Zsofi pulls herself out of sleep, blinking to make sense of the world. “It's me. Come on. Get up.”

“What are you doing here?”

“It's time to go.”

“Says who?”

“I don't want to fight with you, Zsofi. Please. Just come.”

The other girl has woken now too, and three others in the room watch them.

“I'm not going anywhere.” Agi knows that tone: stubborn Zsofi, digging her heels in, especially in front of an audience.

“Gyula came to warn me. The tanks have turned around. He thinks the Russians will invade.”

Around them, a scuffle, a flurry of questions—“What? Turned around where? Where are they? When?” Zsofi, though, has heard only the first part of what she's said.

“Gyula came to you?”

“To warn me, Zsofi. If we can leave today, now, we can be to the border by tomorrow. It's still open, he says.”

“But
he
's not leaving.”

“No, Zsofi, he's not. But we can.”

“If he's not going, I'm not going.”

Zsofi flings her arms in front of her chest. Proud, fearless lover is what she means to project, but what she does project is stupid, foolish, lovesick girl with gritty crumbs of sleep in her eye. Agi steadies her voice, makes it warmer than she feels right now, tries to draw the better, smarter, realistic Zsofi out from behind this face. Like tsking for a kitten, offering plates of warm milk.

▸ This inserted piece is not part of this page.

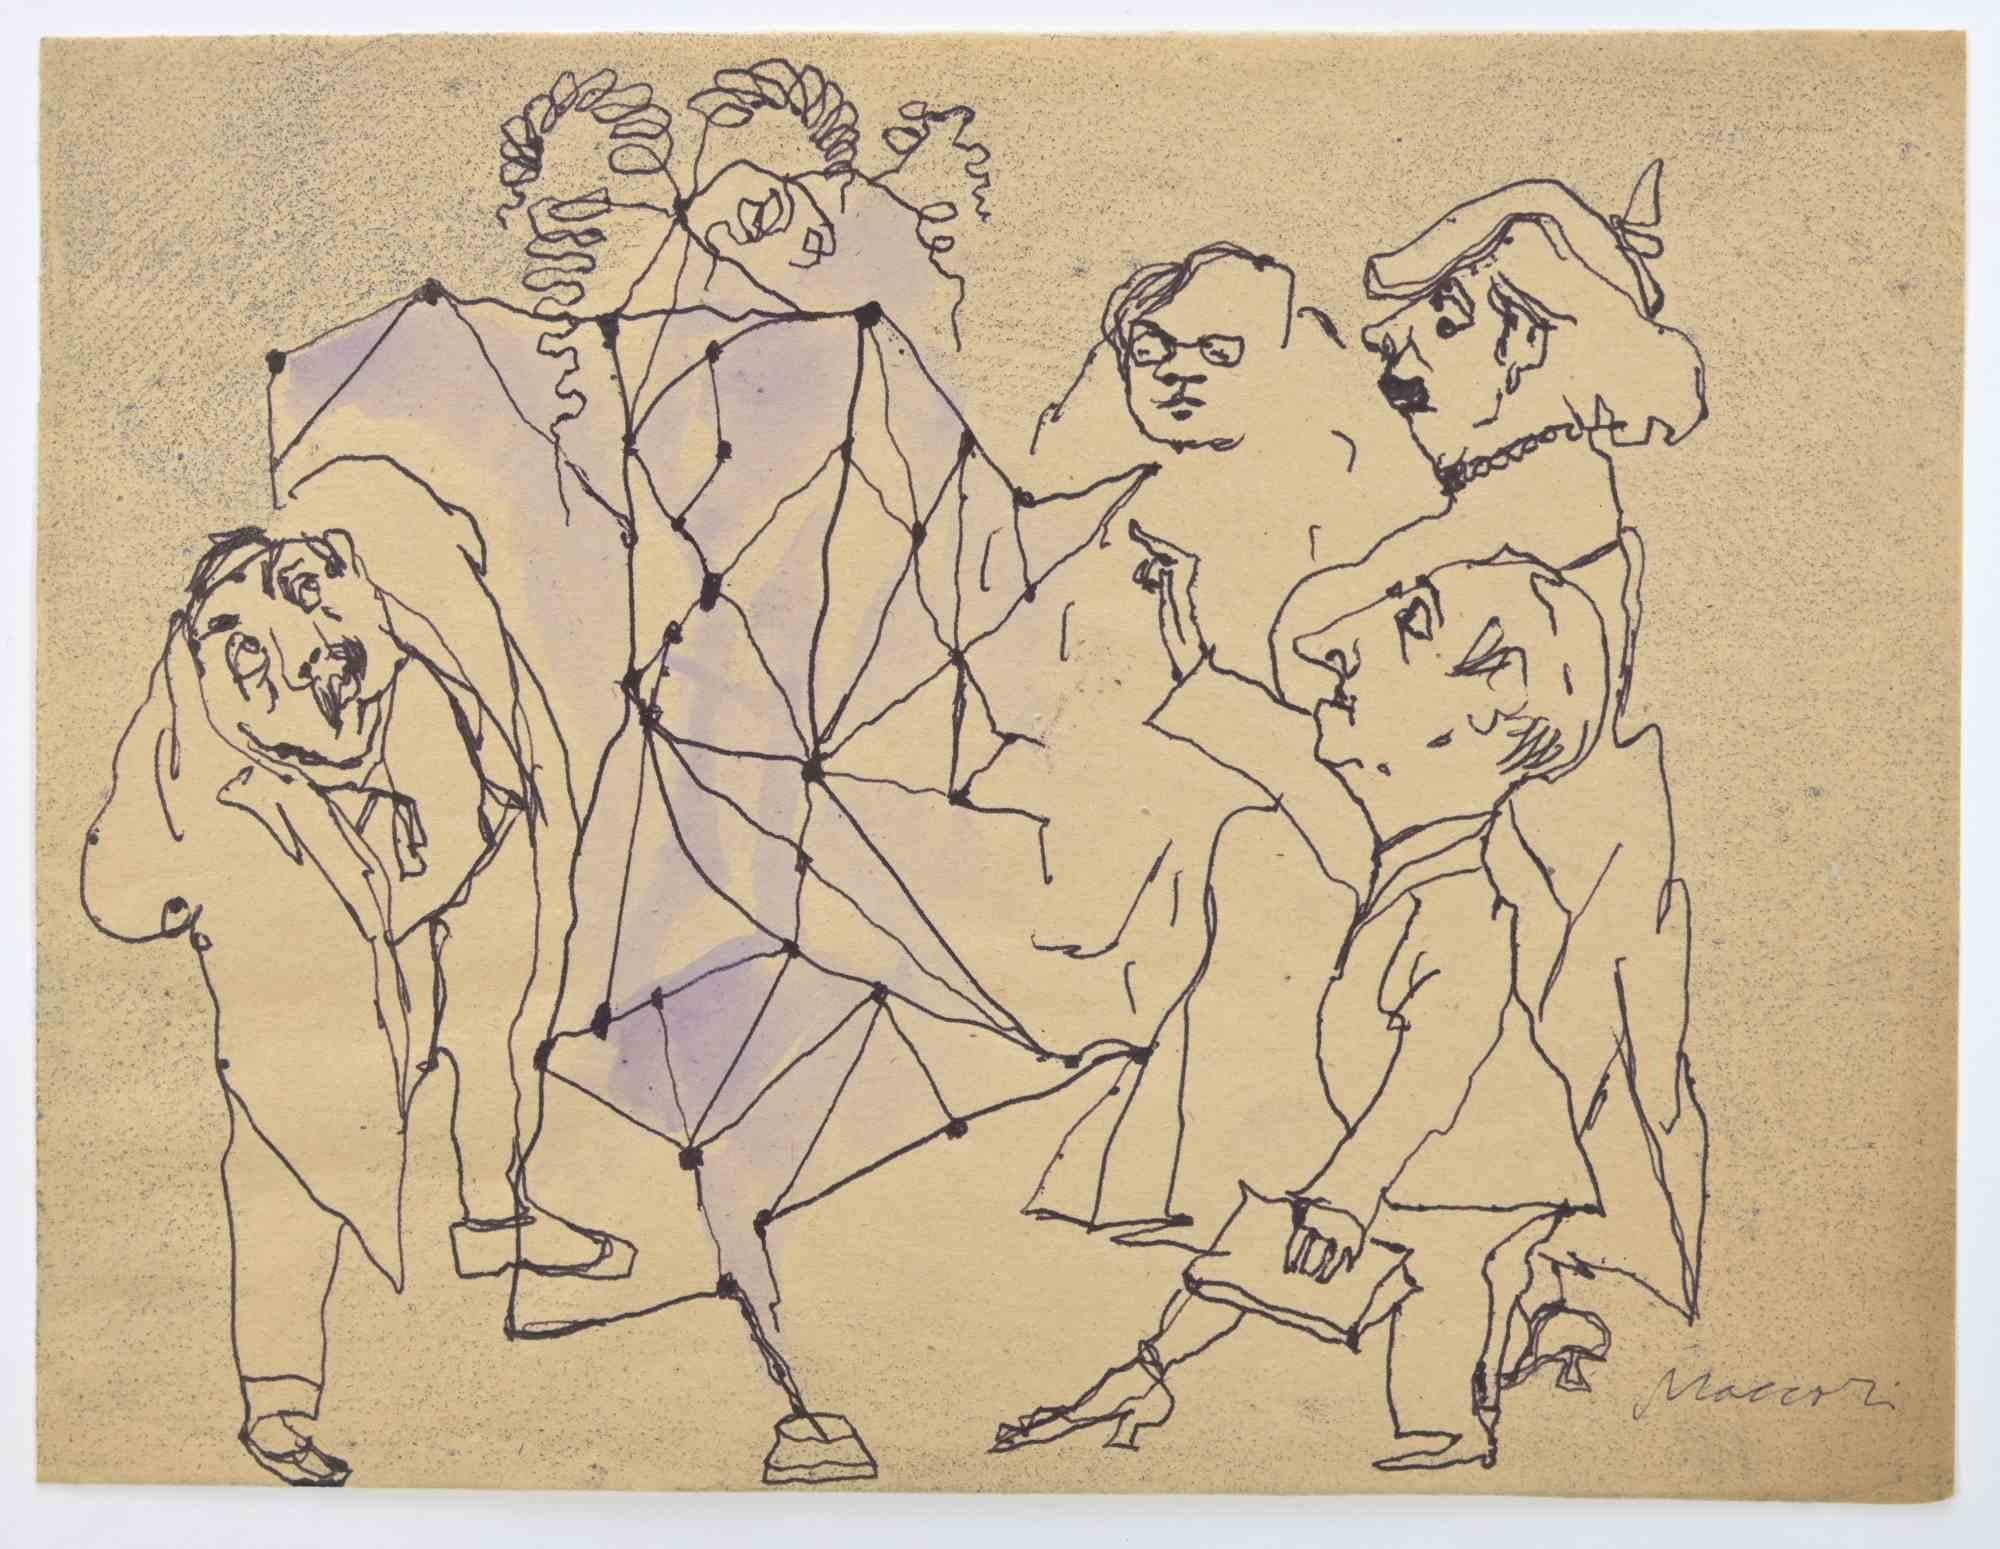 The Puzzling Show - Drawing by Mino Maccari - 1960s

“He can join us, Zsofi. He said he'd join us. After. But he wants us to be safe.”

“Grow up, Agi. He wants you to be safe; he wants me by his side.”

Grow up? Since when…
? She buttons the anger. “He doesn't love you, Zsofi. Not the way you think.”

“Really? Then why did he make love to me?”

“He
kissed
you, Zsofi.”

“Yes, and since then, we've been lovers.”

The word sounds obscene, engorged in her sister's mouth.

Zsofi turns to her bedmate: “Isn't that right, Anna?”

“Gyula
adores
her,” says the witless child.

Okay, enough. Agi grabs Zsofi's wrist. “You're coming with me.”

“Am not.” She kicks.

“Yes, you are.” Agi drags her half off the bed, but Anna holds tight to Zsofi's other arm.

“She said she's staying!” Anna shouts.

“Zsofi, listen to me. This revolution is over. You have to stop pretending.”